Ignatieff, le maître d'hôtel de la Maison-Blanche?
Durant les deux décennies de ma collaboration avec la presse canadienne, j'ai évité, autant que je me souvienne, toute discussion de la politique intérieure de mes voisins. J'ai toujours peur de cracher dans la soupe, alors que mes hôtes dans les salles de rédaction m'ont généreusement invité à table pour commenter la politique mondiale sans jamais me couper la parole.
Cela dit, le statut de Michael Ignatieff à la tête du Parti libéral dans les élections parlementaires m'a fait remettre en question ma position de non-intervention journalistique dans les affaires internes du Canada.
Depuis le lancement de la campagne frauduleuse de propagande américano-britannique en août 2002, je me suis opposé à l'invasion et à l'occupation de l'Irak, maintenant vues par la plupart comme une décision catastrophique de George W. Bush et de Tony Blair. Cent mille morts irakiens plus tard, ainsi que plus de quatre millions de réfugiés, dont deux à l'extérieur du pays (sans parler des milliers de morts et de mutilés anglo-américains), nous voilà devant un bilan plutôt mauvais du côté «humanitaire». Du point de vue de la realpolitik, on peut également s'inquiéter devant un Iran intolérant et belliqueux, rendu plus fort grâce à ses relations amicales avec la nouvelle majorité chiite qui prétend gouverner l'Irak républicain sous l'égide de l'armée américaine.

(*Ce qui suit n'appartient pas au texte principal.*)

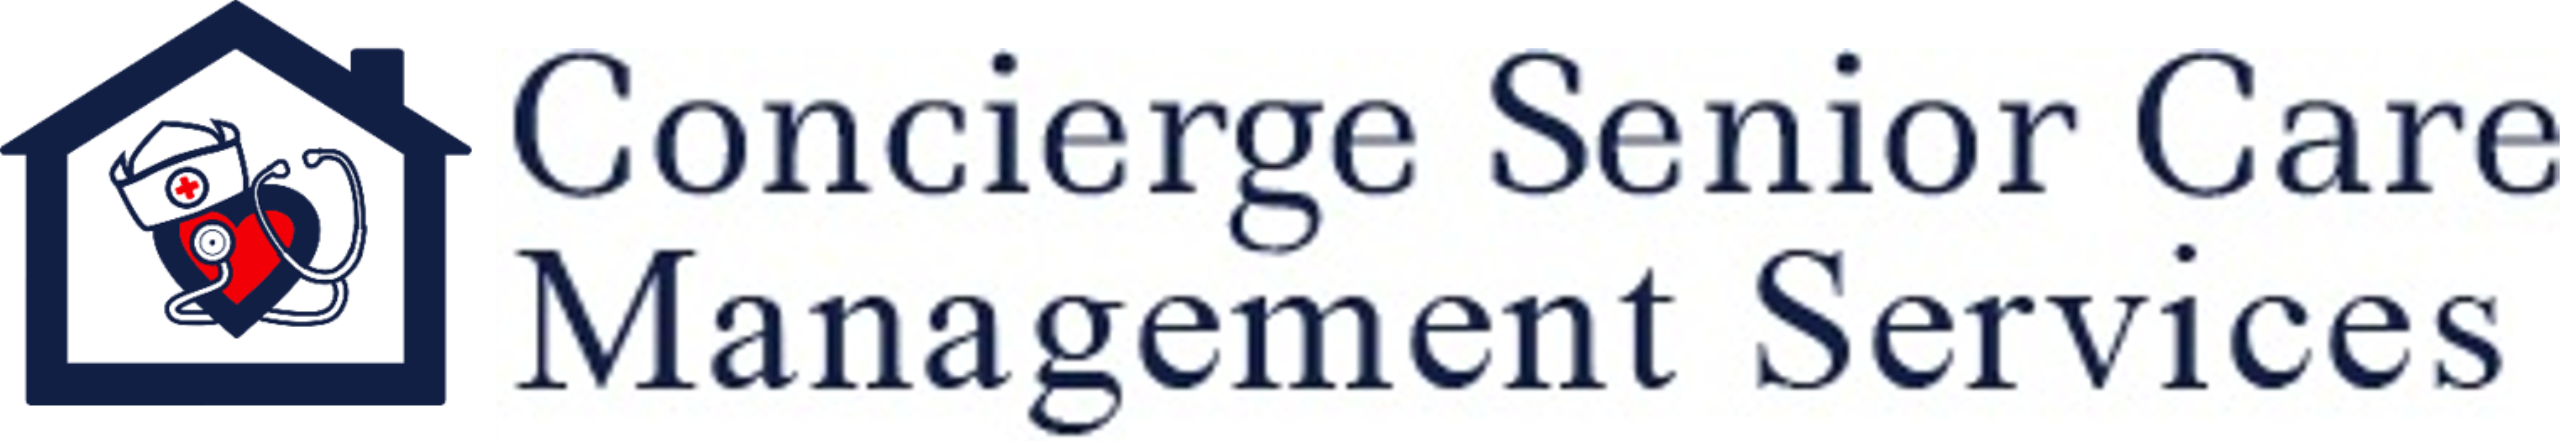 Concierge Senior Care Management Services Logo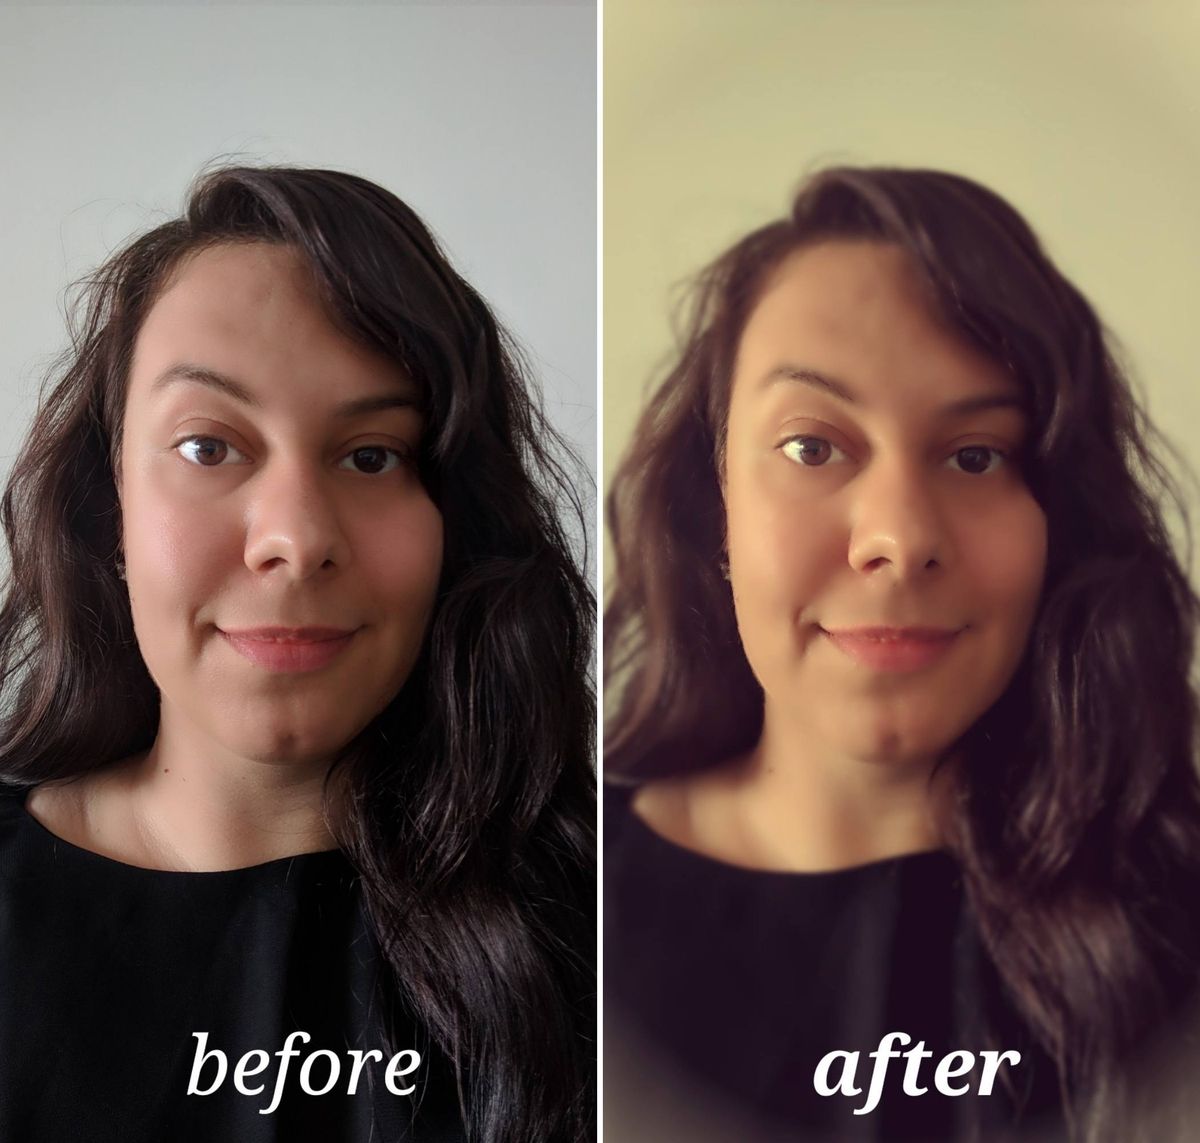 Pixlr antes y después de la edición

Toutefois, inculper uniquement les hommes d'État pour cette débâcle est trop facile. Bush, Rumsfeld, et Wolfowitz méritent l'opprobre, bien sûr, mais on ne sait pas à quel point le soutien de l'intelligentsia a fait avancer la cause du «nation building» en Irak. Comme l'a écrit Eric Foner, peut-être le plus grand historien américain de nos jours, «historiquement, nos intellectuels ont été les serviteurs, pas les critiques du pouvoir». En janvier 2003, de son perchoir du Carr Center pour les droits de l'homme à l'Université Harvard, Ignatieff a agi comme un véritable maître d'hôtel auprès de la Maison-Blanche.
Reprenons son célèbre essai du New York Times Magazine titré «Le Fardeau», dans lequel Ignatieff a devancé tous ses concurrents universitaires pour les faveurs de l'administration Bush. Au cours de cet étalage de bêtises prétentieuses et verbeuses, on trouve d'abord le professeur d'histoire bouche bée devant l'Amérique la magnifique, un pays qui «remplit les coeurs et les cerveaux d'une planète entière de ses rêves et de ses désirs» — une nation qui constitue «une nouvelle invention dans les annales de la science politique, un empire allégé, une hégémonie globale dont les notes d'agrément sont les marchés libres, les droits de l'homme et la démocratie, appliqués par la force militaire la plus redoutable que le monde ait jamais connue».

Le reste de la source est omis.